It’s hard to come up with comments about a self-aware film that’s already doing all that for you in its two-hour run. It feels as though there is nothing left to say that the characters haven’t already done so in a meta kind of way through their dialogues. Perhaps this is just the new norm in Hollywood nowadays as far as this fascination with requels go. Mindy, who takes over her dead uncle Randy’s role as slasher film mechanics expert, couldn’t have explained it any better in a tongue-in-cheek monologue that also serves as a blunt stab at Hollywood’s obsession with cashing in through a mix of nostalgia and fan service.

Observations as to how Scream 2022 does for the horror genre what Matrix Resurrections has done for sci-fi are not without basis. Suffice it to say that Wes Craven would be proud as Scream 2022 stays true to its roots.

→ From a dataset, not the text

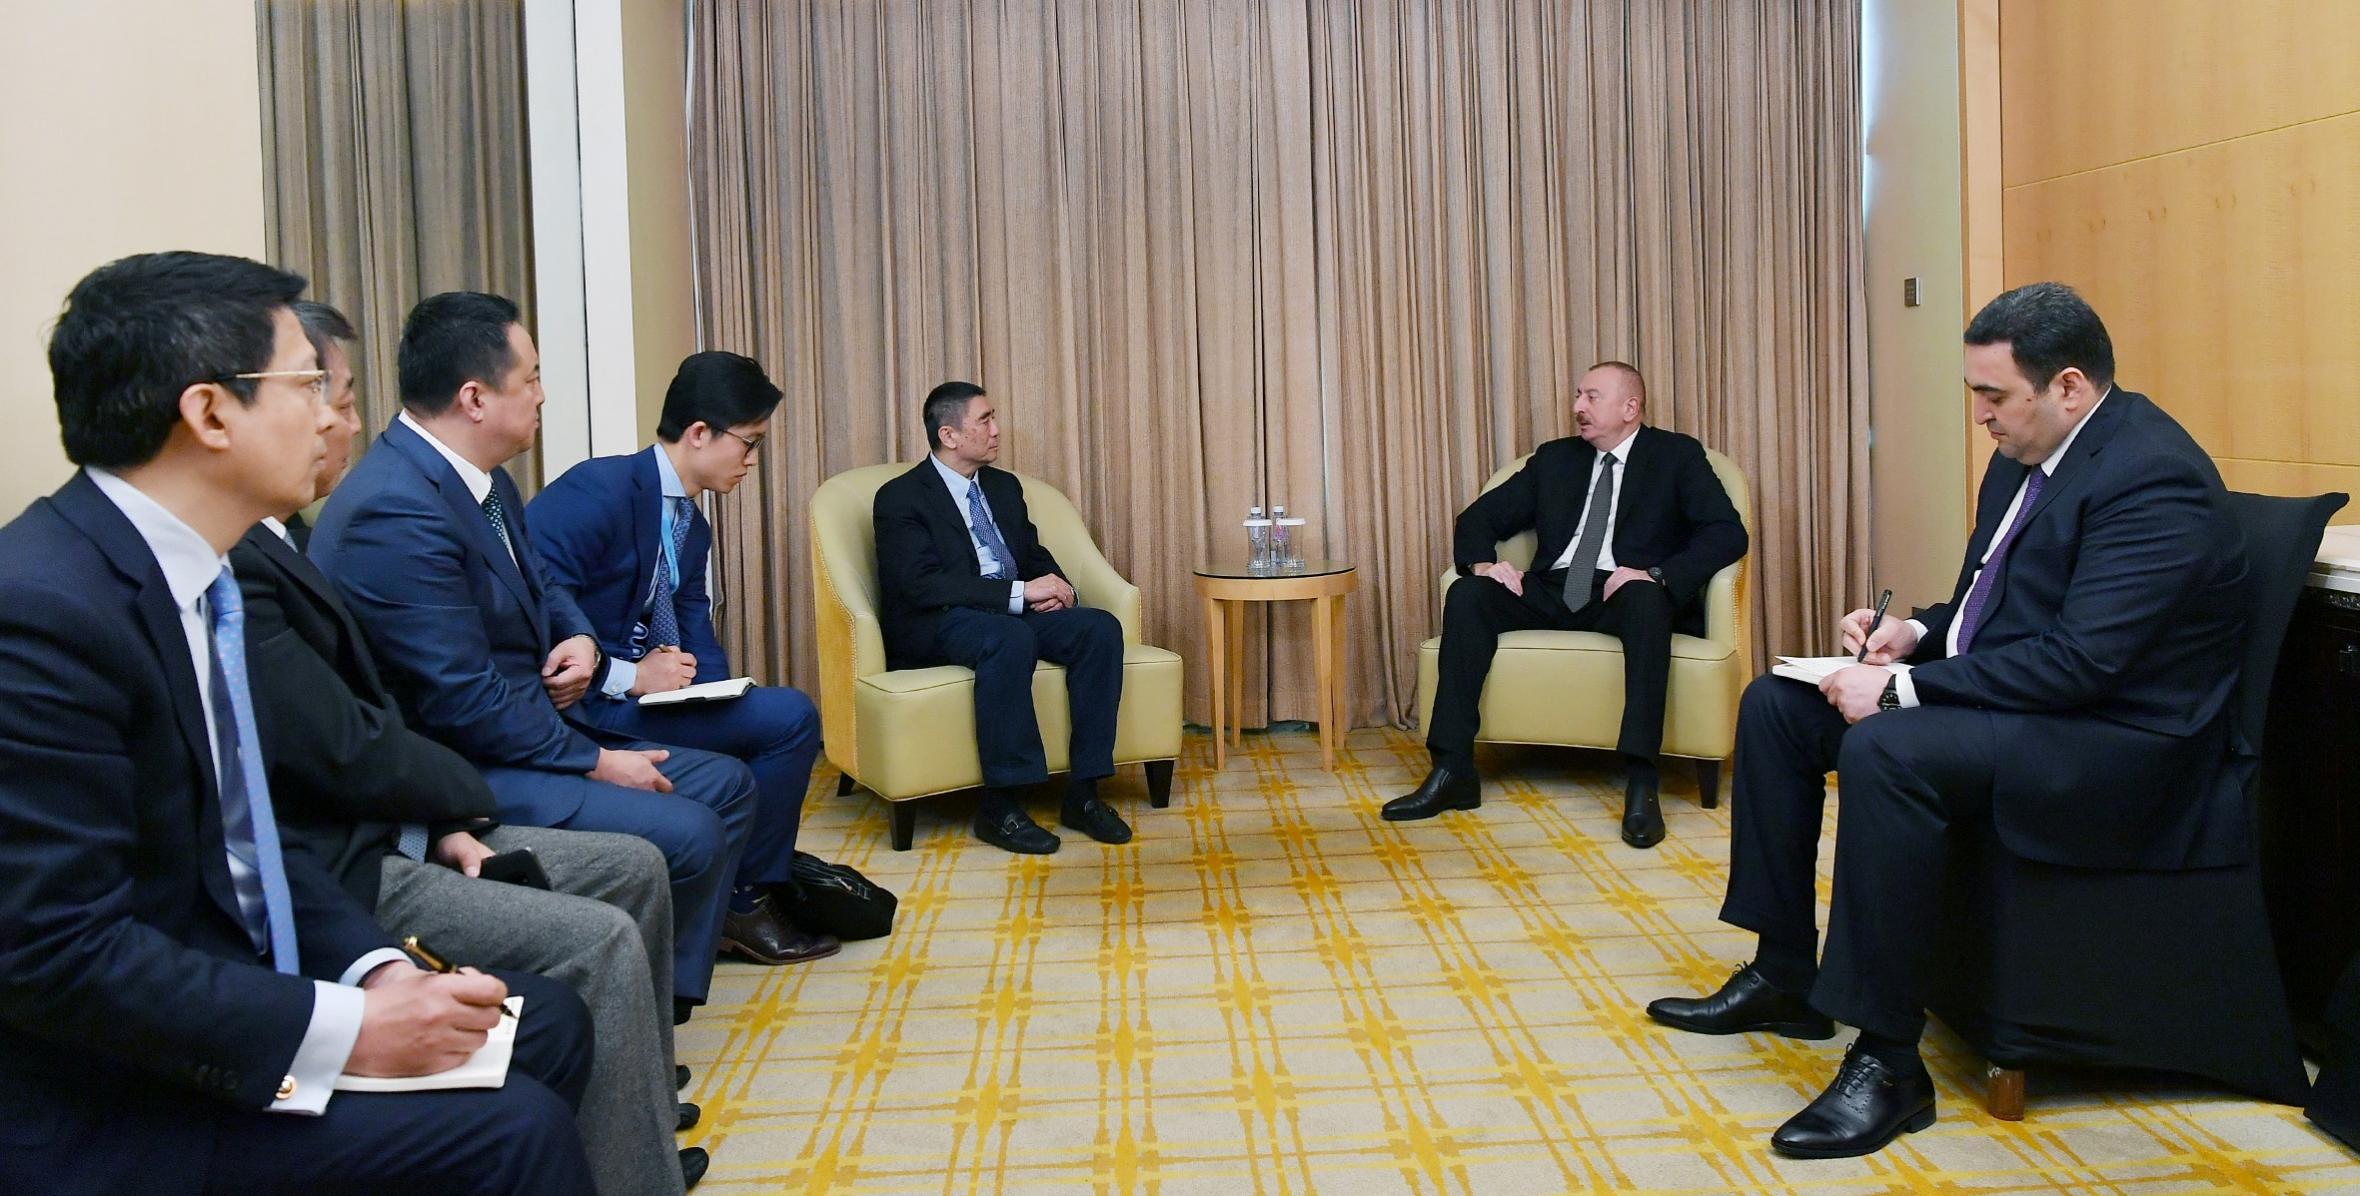 İlham Əliyev "China Poly Group" Korporasiyasının sədri ilə görüşüb

It is no doubt a Scream movie through and through, from the opening sequence all the way to the serial killer reveal. Perhaps the beauty of having built such a movie universe over two decades is that you can rehash the formula over and over again every decade or so and still come up with a product that is actually the same old shit but updated to suit current times while basking in nostalgia.

Having said that, the formula works well in giving the loyal fanbase the fan service they demand while winning over new fans at the same time. As Mindy elaborates, Halloween did it. Even Star Wars couldn’t resist. It’s not a phenomenon exclusive to the horror genre. Maybe this is just Hollywood’s way of dealing with brain drain and lack of fresh ideas. The formula has been so popular lately that it deserves its own subgenre, to be honest.

But we have to give it to the new writers and directors for respecting Craven’s legacy and staying true to the source material. While some links to legacy characters come off as contrived, they do make an effort to at least connect the dots. For those who have not seen the original trilogy in the last decade or so, perhaps a movie marathon is in order to catch all the references here. Many scenes, though, serve as some sort of homage to the original trilogy that came 20 years before. Everything just goes full circle.

One particular scene I love is that of drunk Mindy lying on the couch watching Stab, a movie within the movie universe based on the actual events in Woodsboro. As her fate appears to mimic that of her uncle as played by another actor on her TV, which in turn refers to Uncle Randy who was commenting on how the slasher flick genre operated while actually being in one... Wait, I just lost my train of thought there. This is like the Inception of the slasher flick genre. I love it!